A different perspective
was shared by Jeff Jones of IBM.
He said: “Grid Computing is an effort to make computing resources appear to be
utilities that you tap into as necessary. In DB2 (Version 8), several aspects
have been enhanced, making it a good candidate for that type of processing. The
first is scalability. A grid requires and expects an enormous amount of data to
be supported and an enormous number of users to be coming after that data. So
very large scale processing is the norm in a grid.”
“Some of our experiences
with Grid Computing are the Life Sciences based grid done by Oxford University in England with us to support Breast Cancer research. Another
one exists at the University of Pennsylvania that’s a Mammography sharing grid, all of
which have been built on DB2.”
N: How
does DB2 work with Grid Computing?
J: “With
DB2, we have a Share Nothing
architecture. Here, any physical number of servers can be clustered together
and you can run one instance of DB2 across all of it. One server takes the
requests and breaks them up into pieces and farms the pieces out to all the
other servers to work in parallel, then reassembles everything at the end and
provides a complete answer back when questions are asked.”
“Each server in the
cluster receives an independent subset of the complete set of data and operates
separately and independently on its subset of the problem to be solved. This
form of independent cluster processing is extremely scalable with little loss
of efficiency as you add more servers to the cluster.”
N:
How does this compare to Oracle?
J: “Their
approach is to have a very
large common memory.
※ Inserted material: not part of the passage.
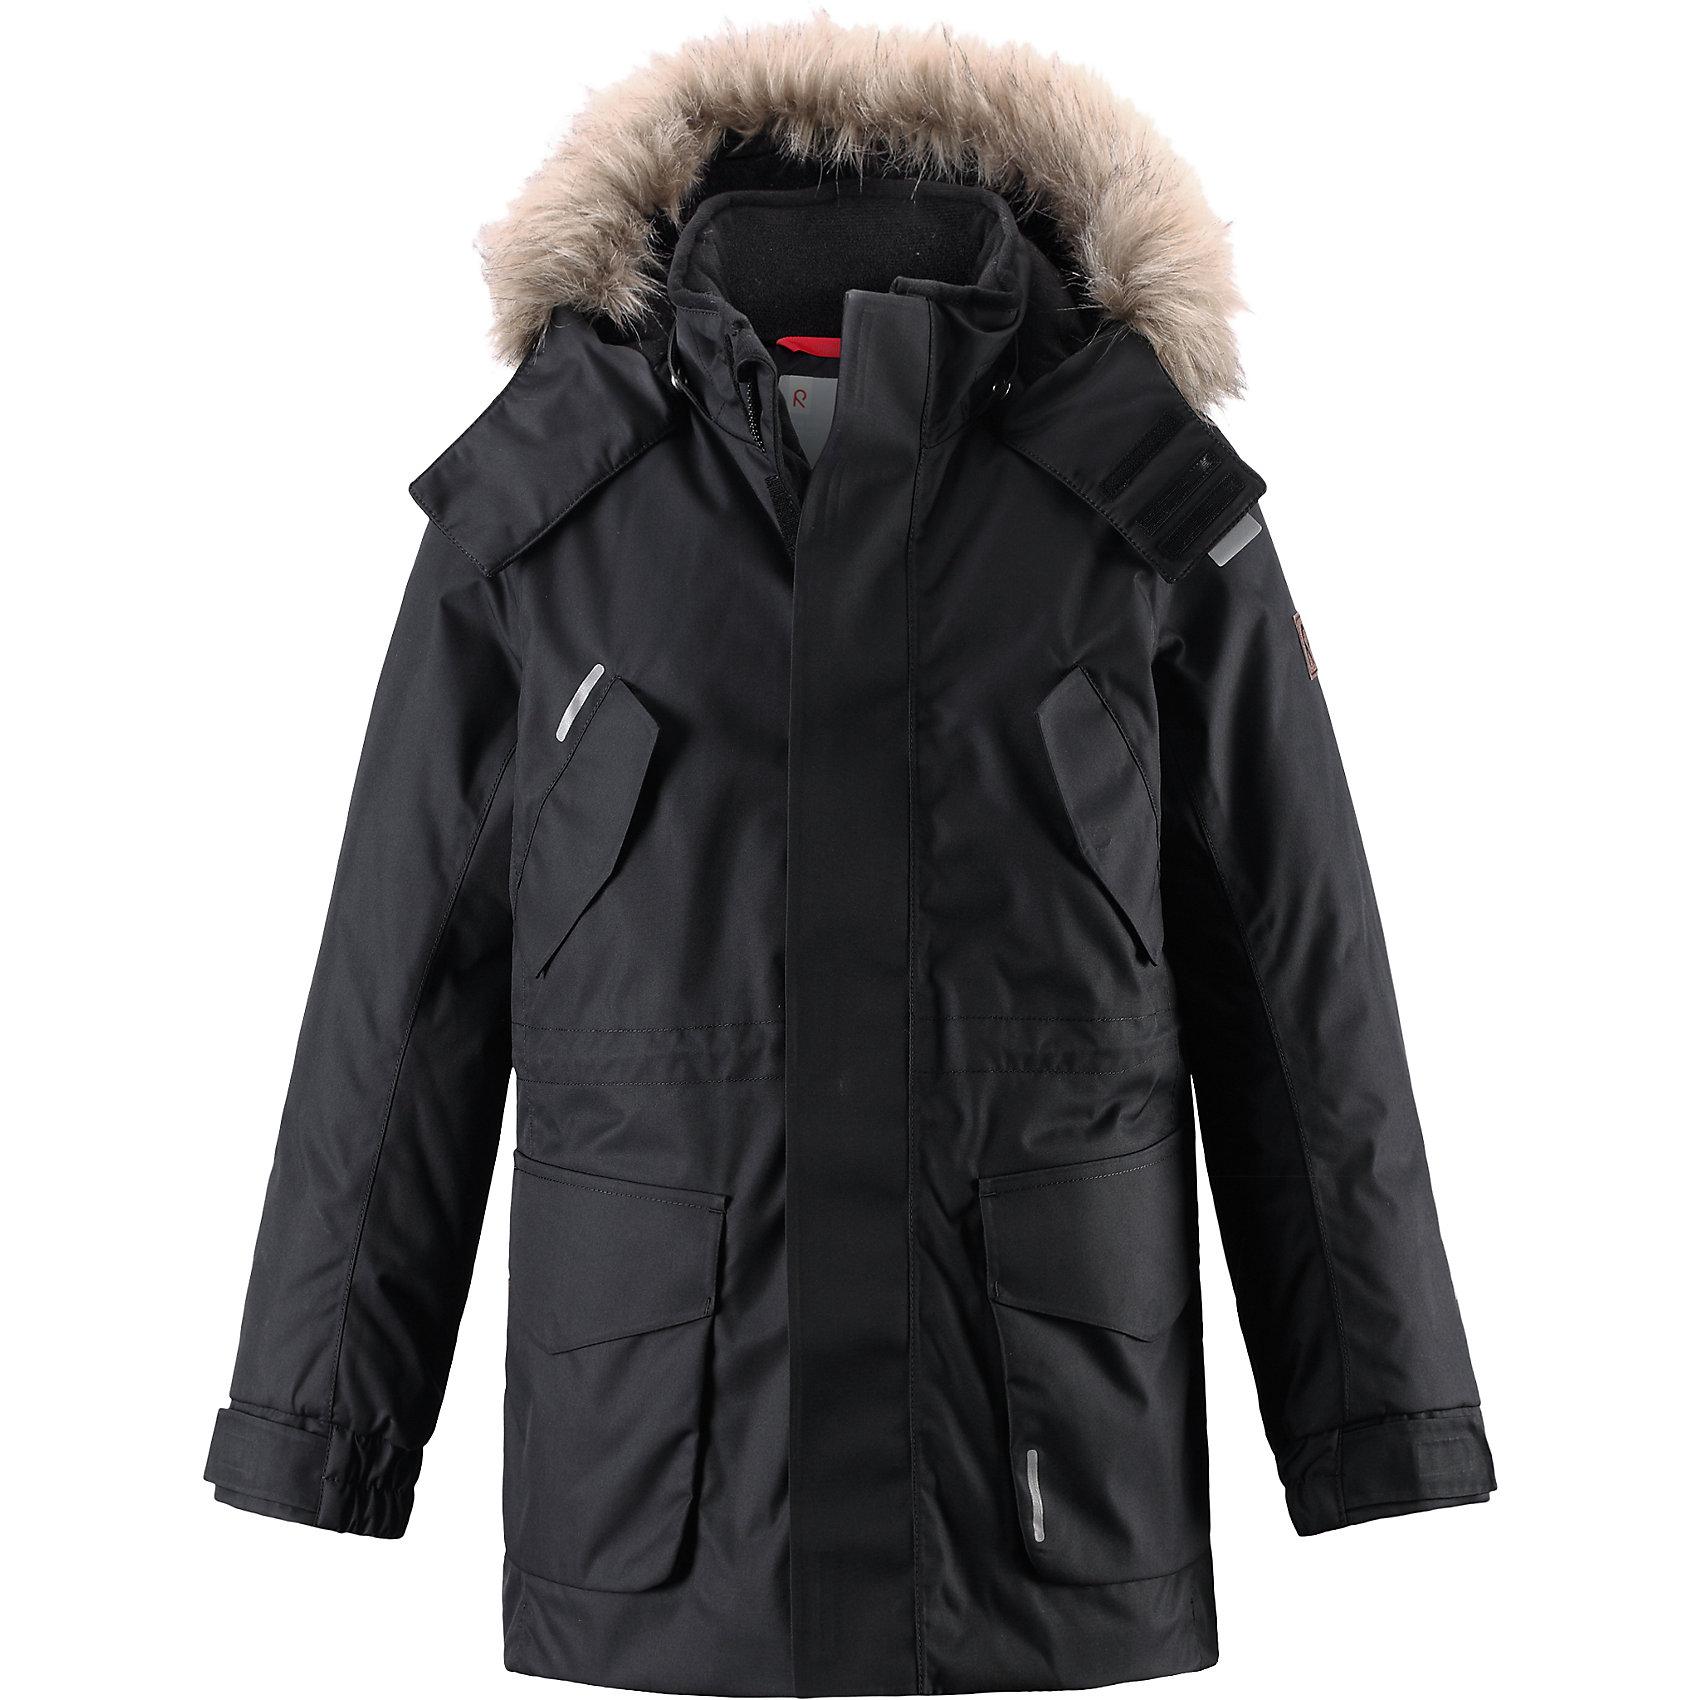 Reima Куртка Naapuri для мальчика Reimatec® Reima куртка детская reima reimatec naapuri цвет черный 5312999990 размер 116

Each instance of the database shares a common memory and
is being gone after by the same user population, so traffic management becomes
the hard problem to be solved.”
N:
Oracle spoke about server blades. Would you have to shut your system down to
add more servers?
J:
“No. Server blades are new form
factors for servers that can be rack mounted in very large numbers and can be
pulled in and pulled out and plugged back in again. It’s not a new paradigm;
it’s just a more efficient way of clustering hardware. Their approach and our
approach both enable clusters to be grown or shrunk with not nearly as much
agony as in the past.”
“With DB2, our
approach is to offer utilities. When we add a new server to a cluster, we apply
a rebalancing utility that allows you to redistribute the data and populate the
new server. This type of housecleaning has to be done on anybody’s system. You
shouldn’t let any vendor convince you that it’s painless, but today both
vendors have made it much more bearable and much of the process can be done
with nothing coming down.”
“In a fault
tolerance sense, this is good, because servers can be paired together and one
can serve the idle standby for the other. This is something that both Oracle
and IBM do in a similar fashion. You can have an eight server cluster where
four of the servers are actually doing work, while the other four are twins of
the first four; waiting to be failed over to if something goes wrong. This is
very common high tolerance, high availability configuration for servers. And
racks and blade servers simply make that more efficient.”
Souder said that
the goal of Grid Computing is where “you want information, answers,
computation, and get it. That’s the fundamental idea, the dream and the goal. We’re
a long way from being there, but that’s the direction that we’re moving in.”